**Task to complete:** An exact copy of the data is needed, one that excludes all pictures.

**Raw data:**

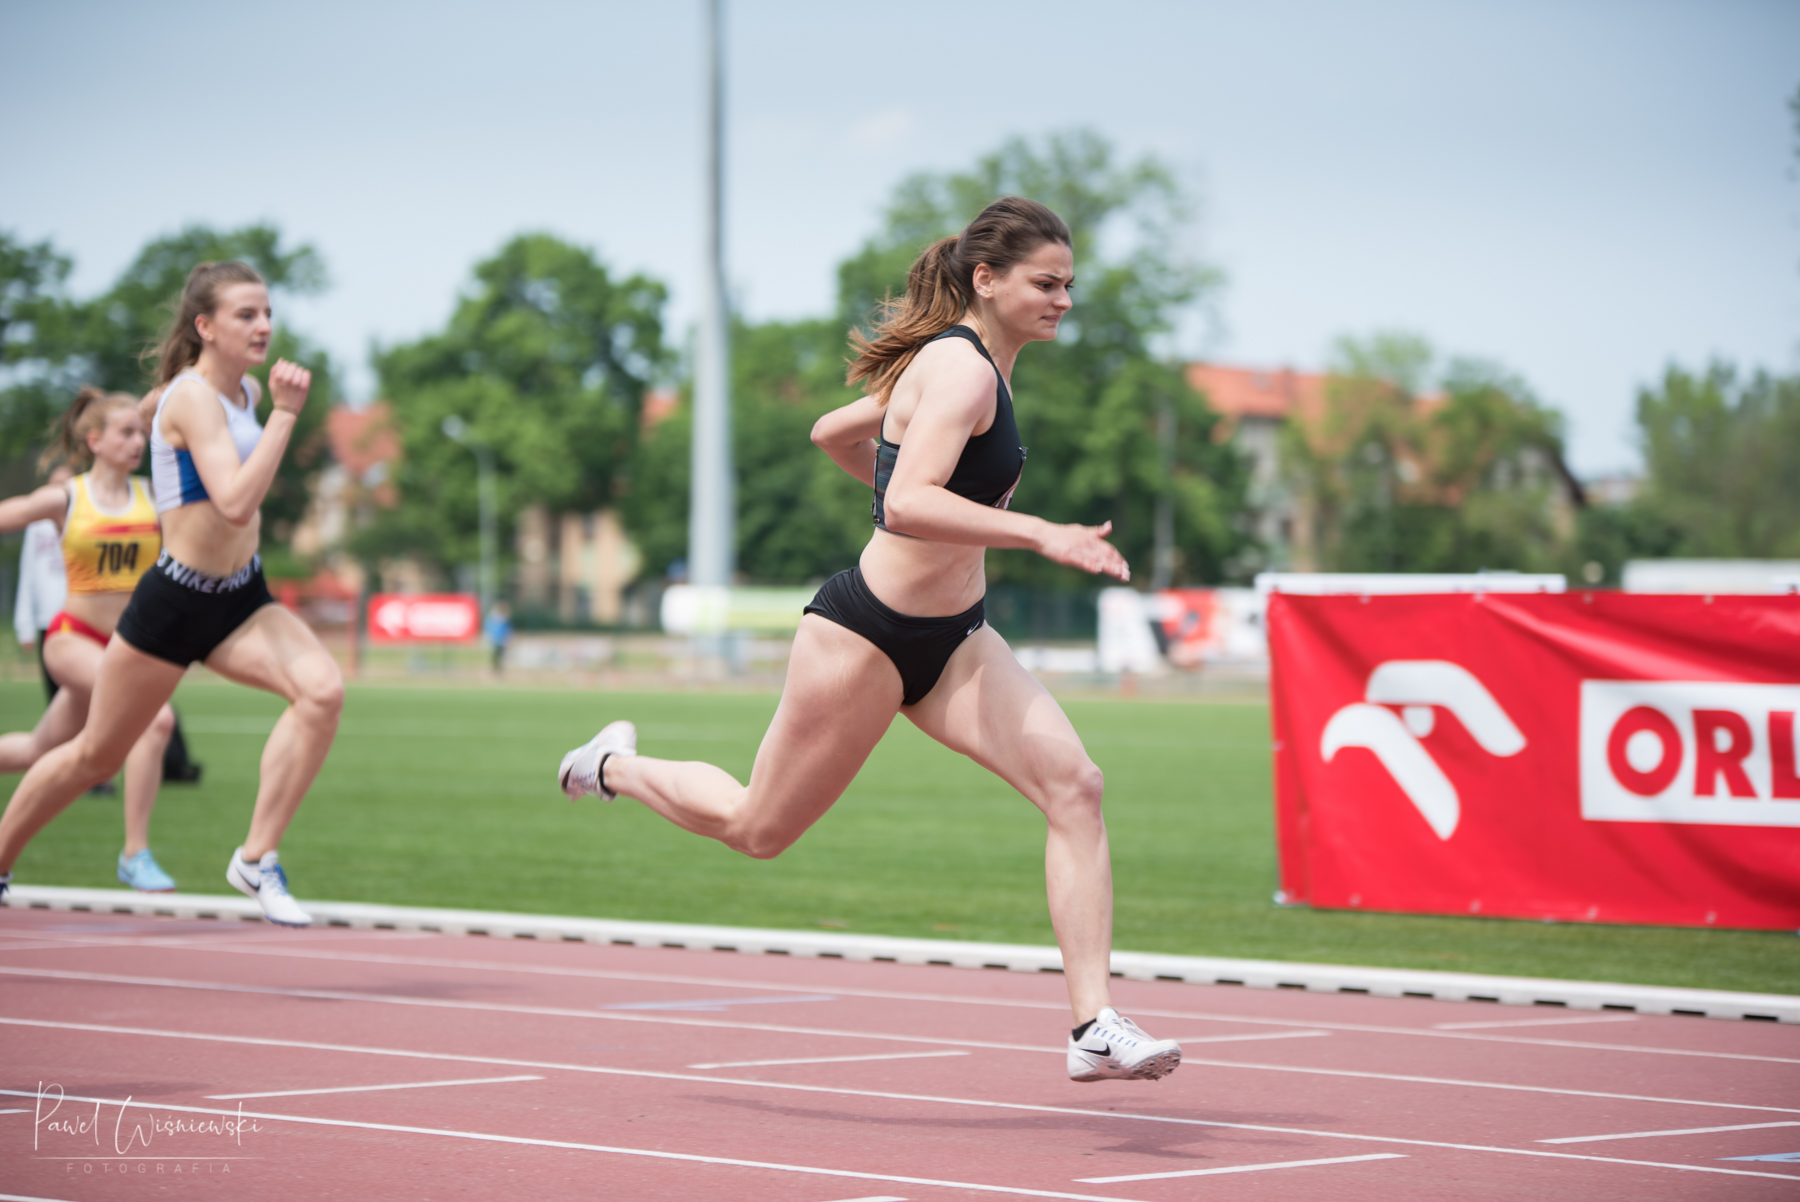 Szybkie bieganie w Bielsku Białej
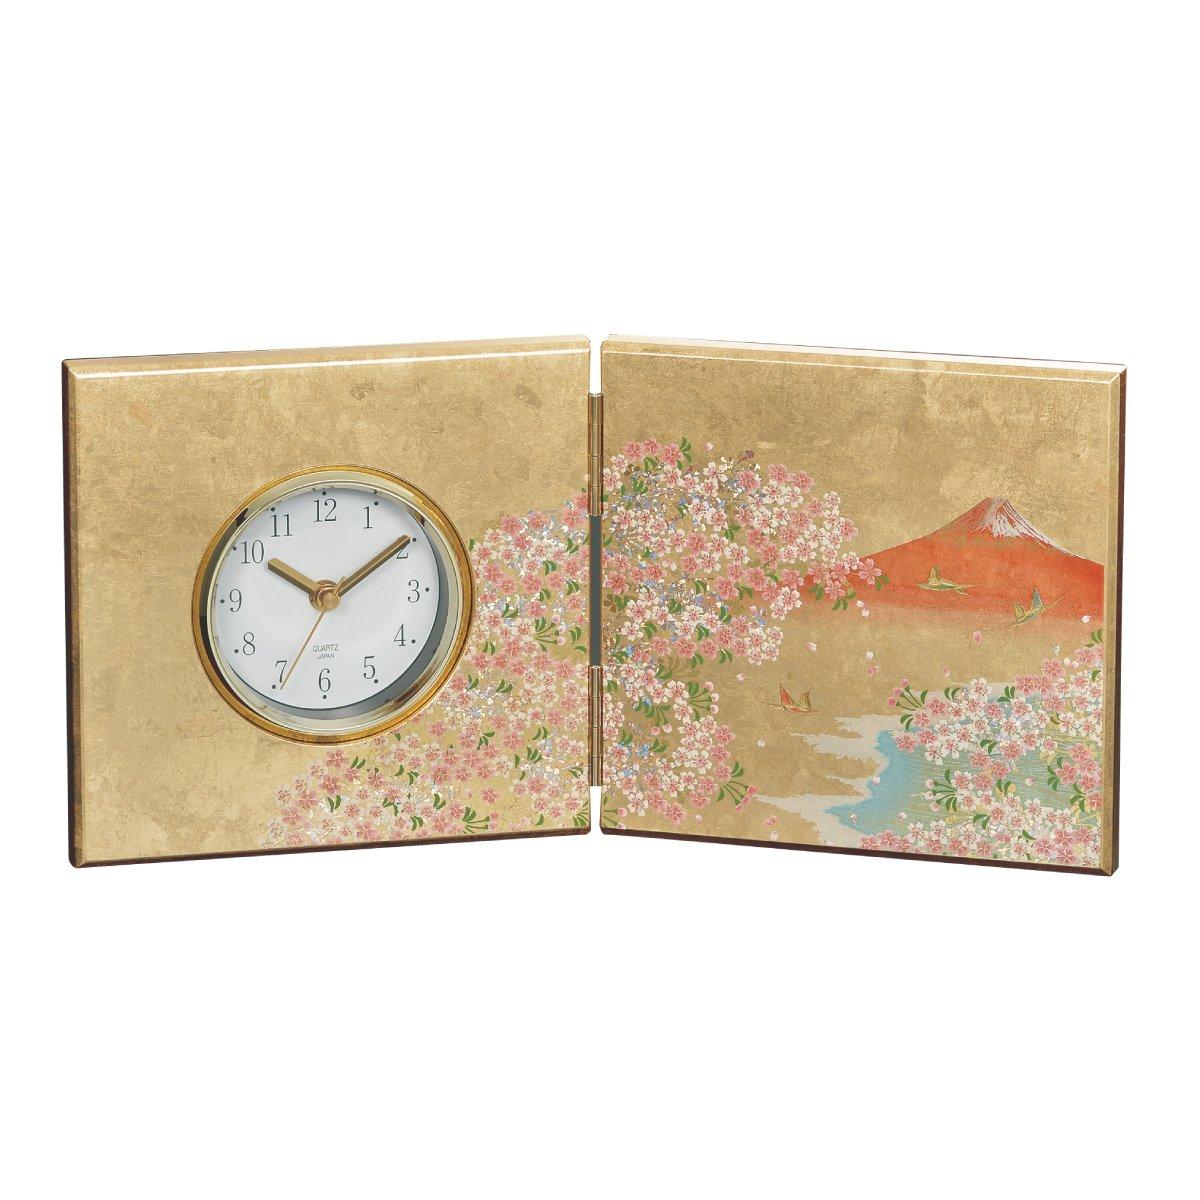 置き時計 置時計 和 和風 和柄 和雑貨 桜 富士 海外 土産 日本のお土産 華富士 屏風時計 16838 B07DD1WHHP
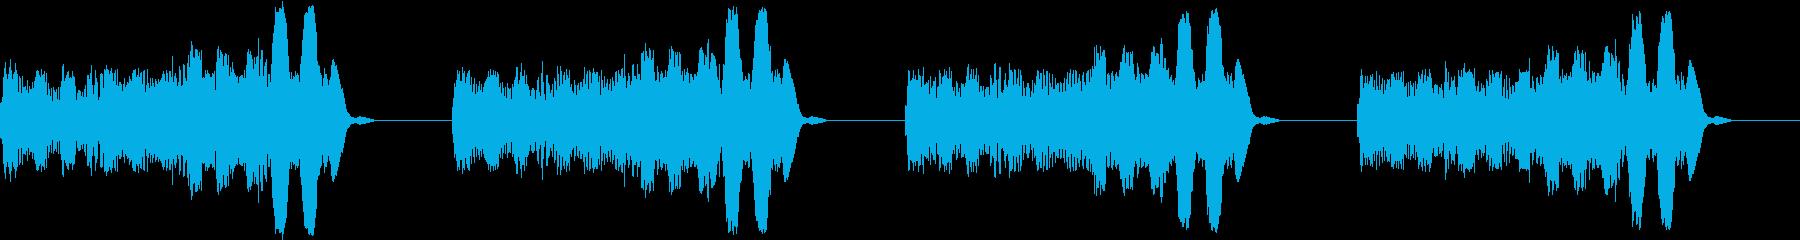 アラーム 電話 未来的 宇宙船 ブザー2の再生済みの波形
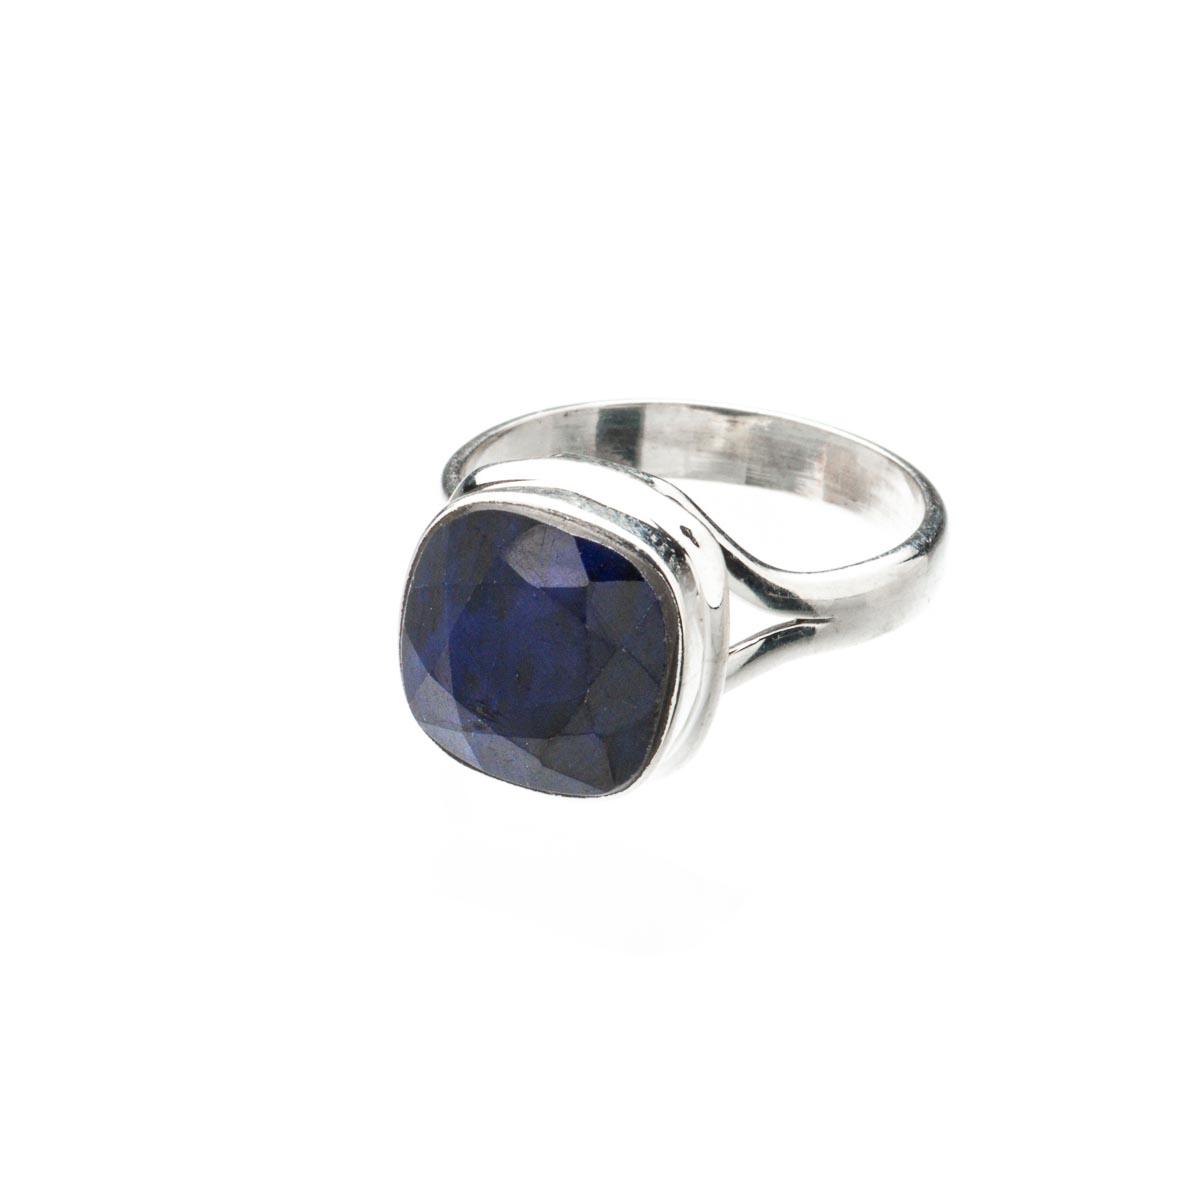 Кольцо из серебра с натуральным сапфиром, 18.5 размер

**Task answer:**
 Szybkie bieganie w Bielsku Białej
 置き時計 置時計 和 和風 和柄 和雑貨 桜 富士 海外 土産 日本のお土産 華富士 屏風時計 16838 B07DD1WHHP
 アラーム 電話 未来的 宇宙船 ブザー2の再生済みの波形
 Кольцо из серебра с натуральным сапфиром, 18.5 размер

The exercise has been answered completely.